Fed: Prices remain high relative to fundamentals even after April market turmoil
AinvestFriday, Apr 25, 2025 4:02 pm ET

Fed: Prices remain high relative to fundamentals even after April market turmoil
Despite the recent market turmoil in April, prices in various sectors have continued to remain high relative to their fundamentals, according to recent Federal Reserve notes. This persistence of elevated prices, even after the market fluctuations, raises questions about the underlying economic conditions and the role of uncertainty in shaping market dynamics.The Federal Reserve's analysis, published on April 24, 2025, highlights that since 2019, selected measures of uncertainty regarding economic and financial conditions, geopolitical risks, and policy outcomes have reached their highest levels in decades [1]. This elevated uncertainty has been particularly pronounced in economic and trade policy uncertainty (EPU and TPU, respectively). The report suggests that such high levels of uncertainty can have meaningful economic effects, influencing investment, consumption, and credit conditions.
The Federal Reserve's analysis identifies six key metrics capturing various uncertainties experienced over the past five years. These metrics include Real Economic Uncertainty (REU), Inflation Uncertainty, Economic Policy Uncertainty (EPU), Trade Policy Uncertainty (TPU), Geopolitical Risks (GPR), and Financial Uncertainty (proxied by the VIX). The report notes that these uncertainties can lead to delayed or reduced investment, more cautious consumer behavior, and tighter credit conditions [1].

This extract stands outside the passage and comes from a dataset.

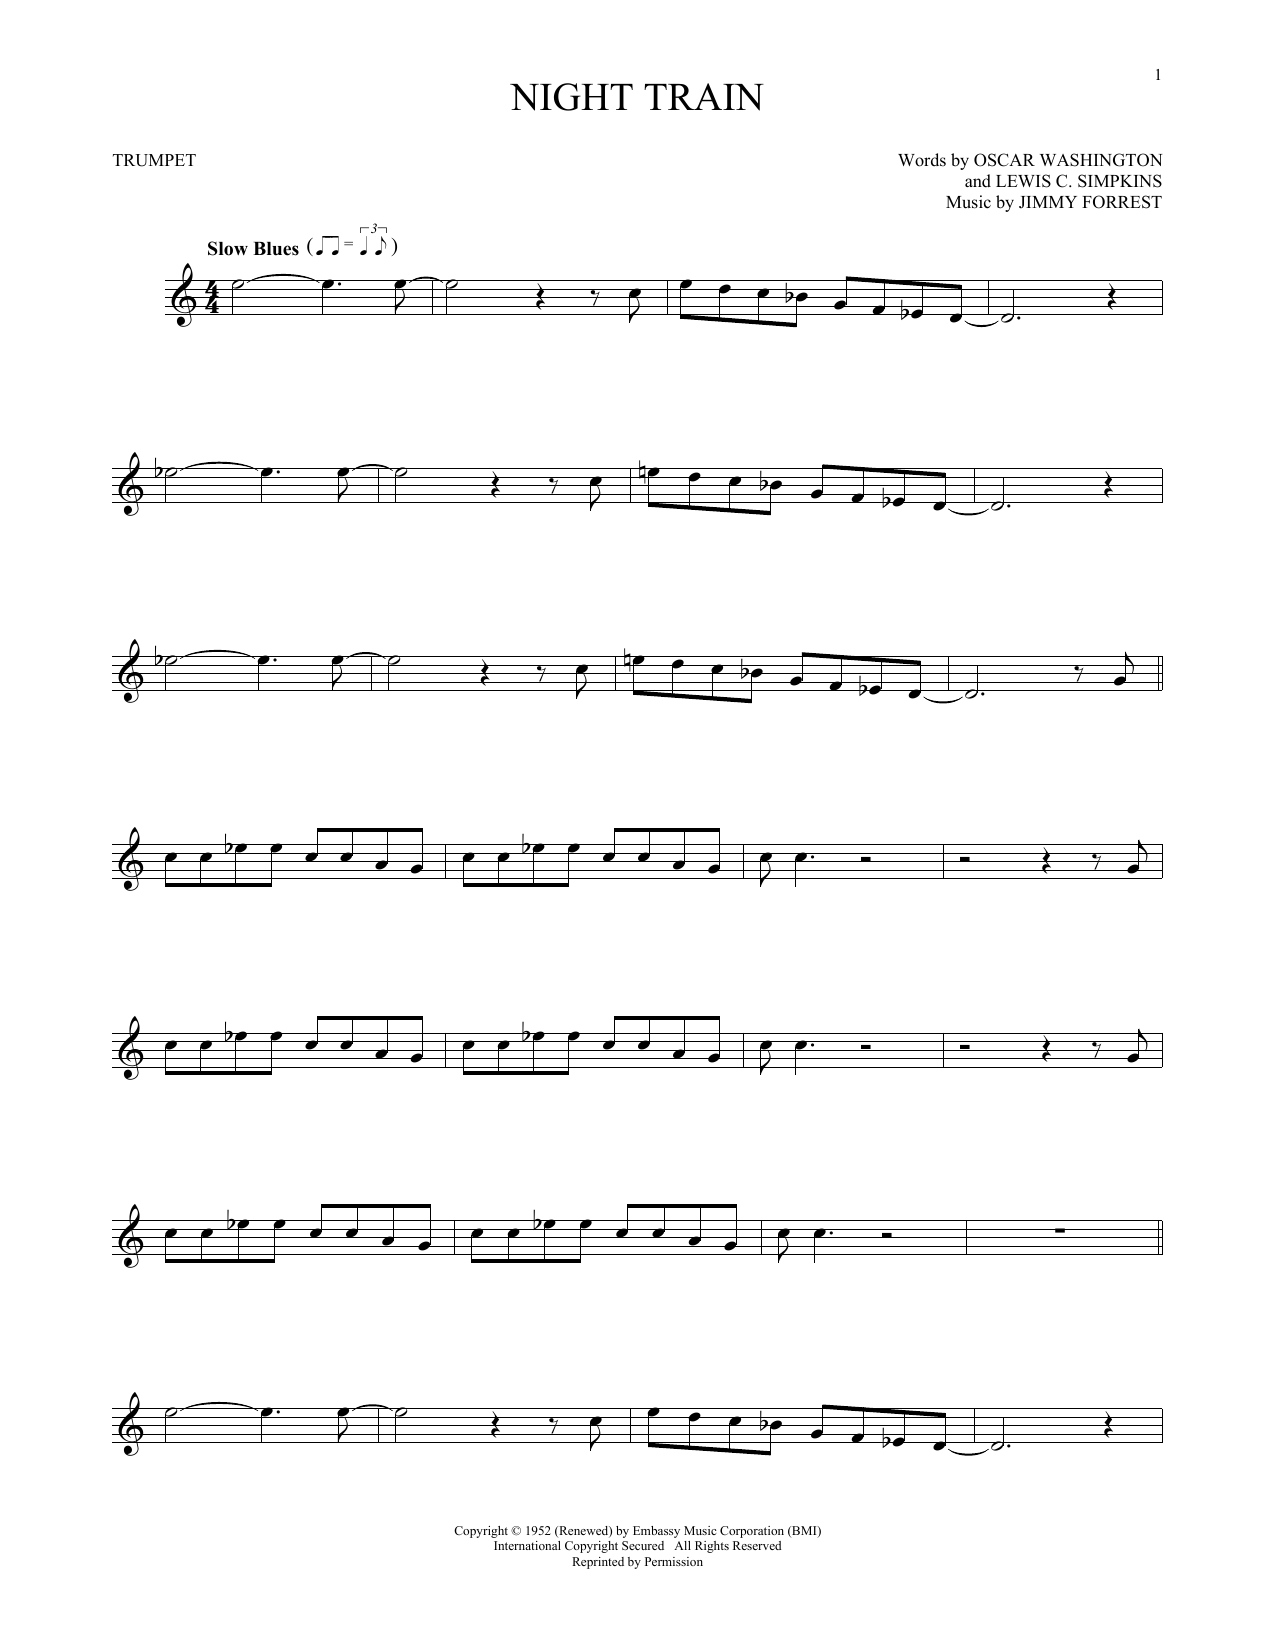 Oscar Washington Night Train Sheet Music Notes & Chords for Flute - Download or Print PDF

The economic effects of uncertainty are not uniform across these metrics. For instance, Real Economic Uncertainty (REU) and Inflation Uncertainty have been associated with broader macroeconomic fundamentals, leading to a wait-and-see approach among firms. Economic Policy Uncertainty (EPU) and Trade Policy Uncertainty (TPU) can cause delays in capital allocation and global value chain investments, respectively. Geopolitical Risks (GPR) and Financial Uncertainty (VIX) can lead to capital flight, currency depreciation, and tighter credit conditions.
The Federal Reserve's analysis also indicates that these uncertainties can have feedback loops with economic activity. For example, business cycle downturns can amplify uncertainty about future growth, while uncertainty about trade policy decisions can negatively impact economic activity. The report finds that an increase in uncertainty is followed by a statistically significant drop in industrial production and investment, with the magnitude and duration of the drag varying across measures [1].
In the context of the recent market turmoil, the persistence of high prices relative to fundamentals may be a reflection of these underlying uncertainties. Firms and households may be adopting a wait-and-see approach, delaying large investments and purchases until the underlying conditions become clearer. Financial institutions may also be pulling back from making risky decisions, worsening credit conditions.
Investors and financial professionals should remain vigilant about these uncertainties and their potential impacts on economic activity and market dynamics. As the Federal Reserve continues to monitor these developments, it will be crucial to assess how these uncertainties evolve and how they shape economic policy and market conditions.